Information shown
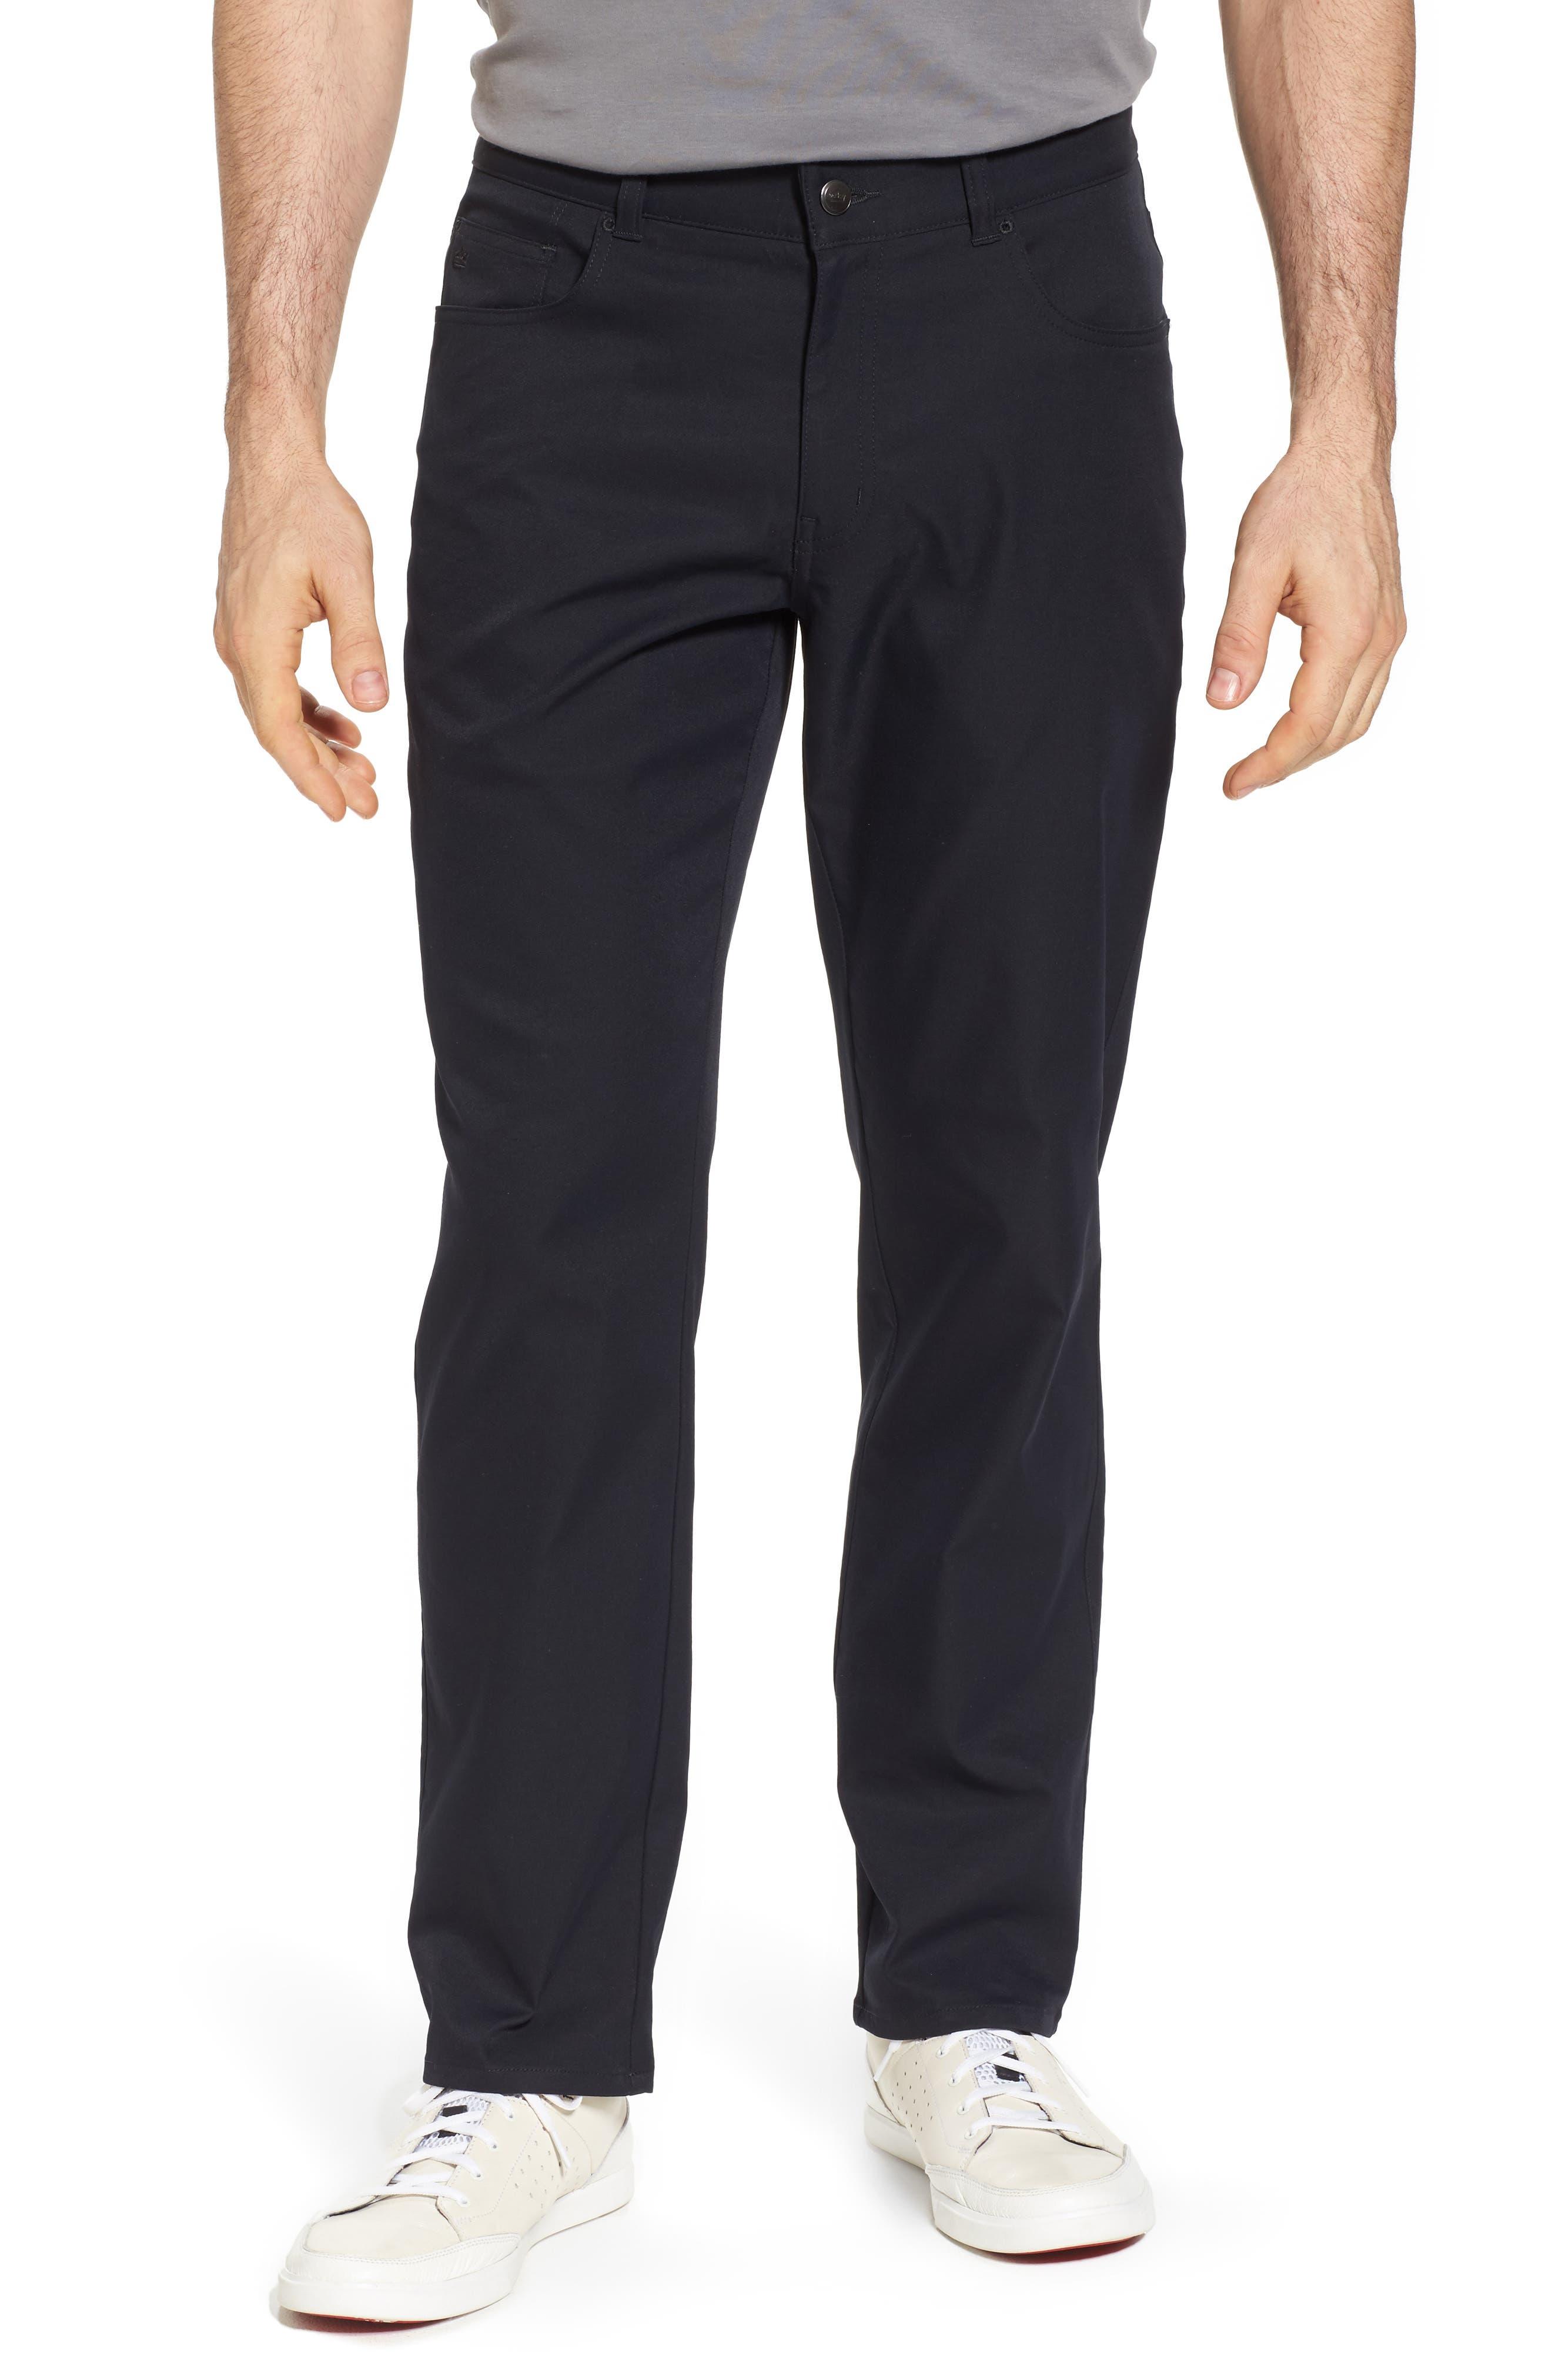 EB66 Performance Six-Pocket Pants,                             Main thumbnail 1, color,                             001
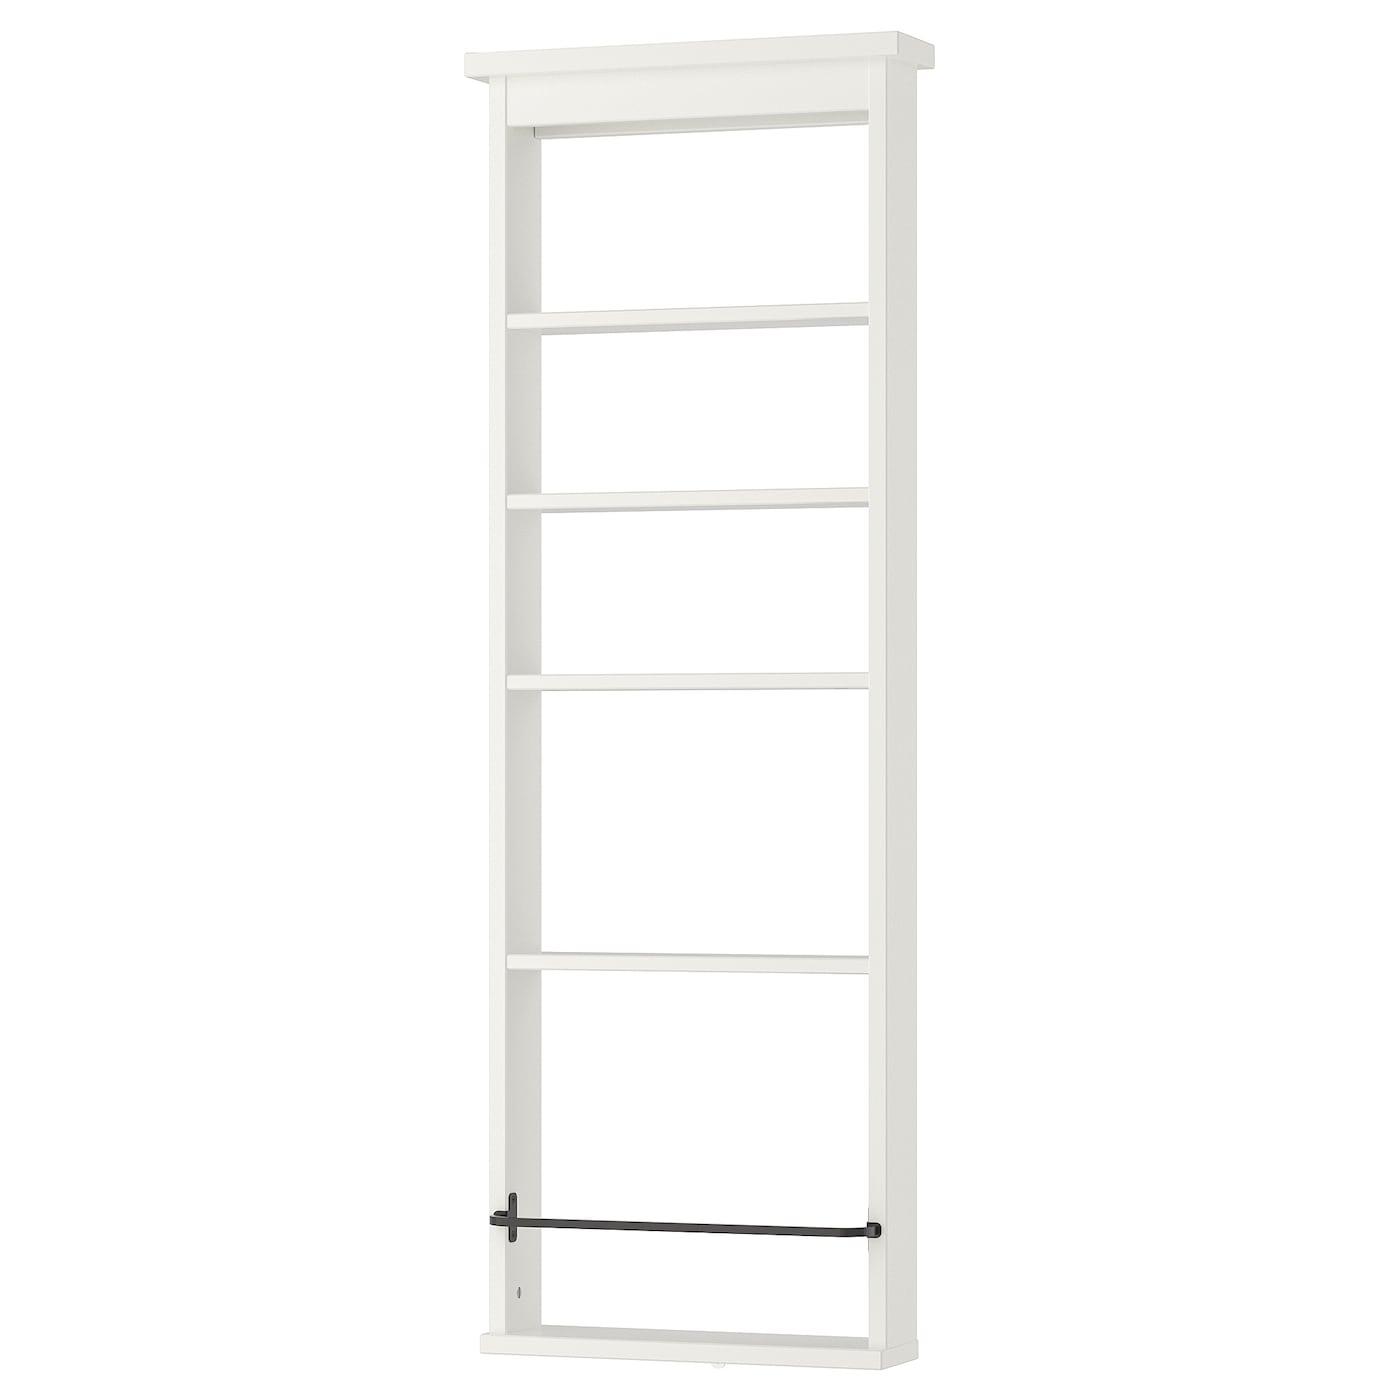 Hemnes Vaeghylde Hvid 42x118 Cm Ikea
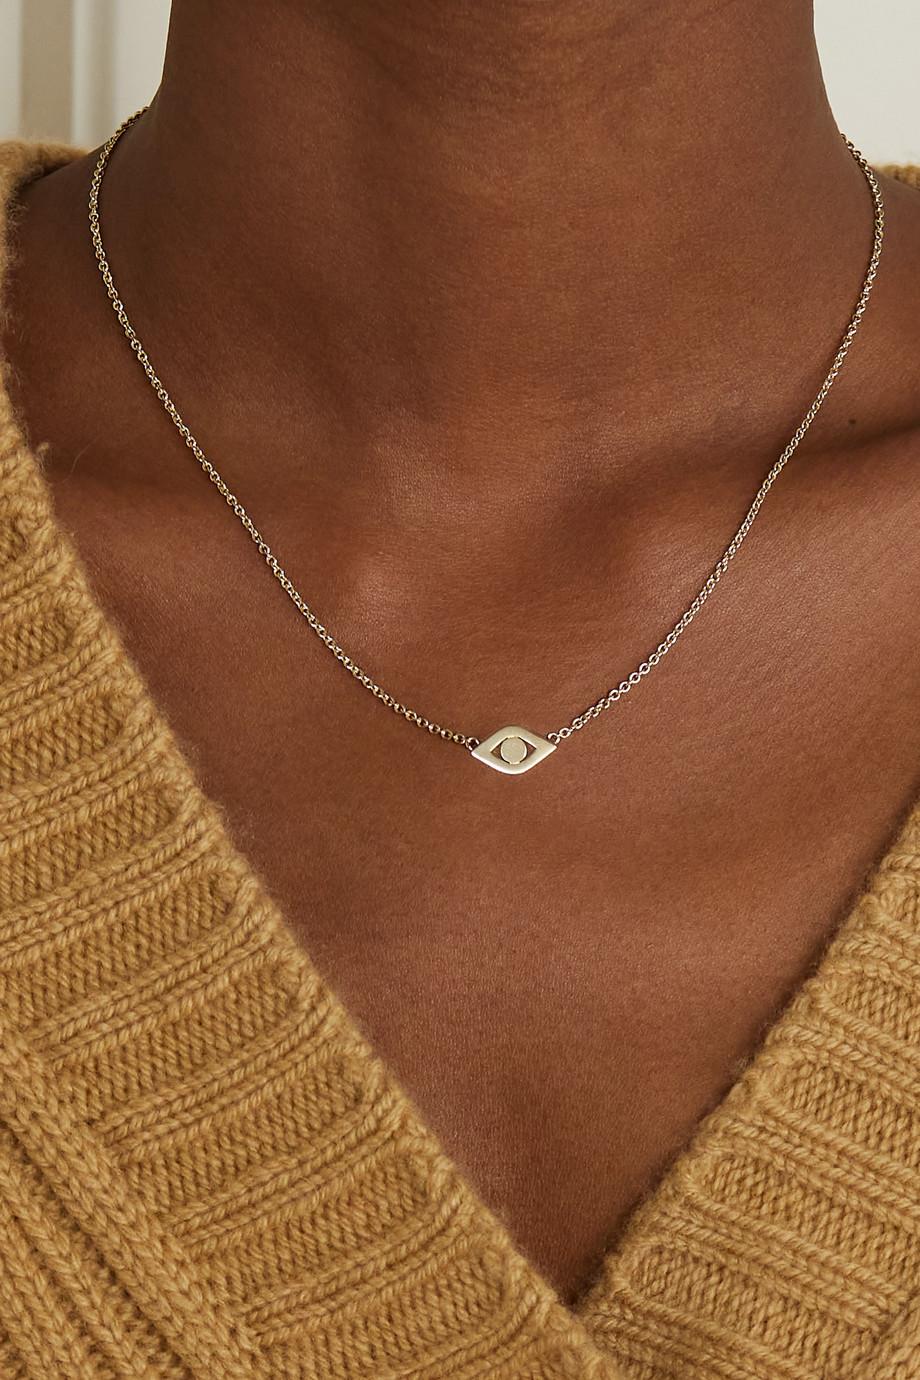 Sydney Evan Large Evil Eye 14-karat gold necklace

The problem
The expected result is the data above in exact form, free of pictures.

Answer box
 EB66 Performance Six-Pocket Pants,                             Main thumbnail 1, color,                             001
 Hemnes Vaeghylde Hvid 42x118 Cm Ikea
 Sydney Evan Large Evil Eye 14-karat gold necklace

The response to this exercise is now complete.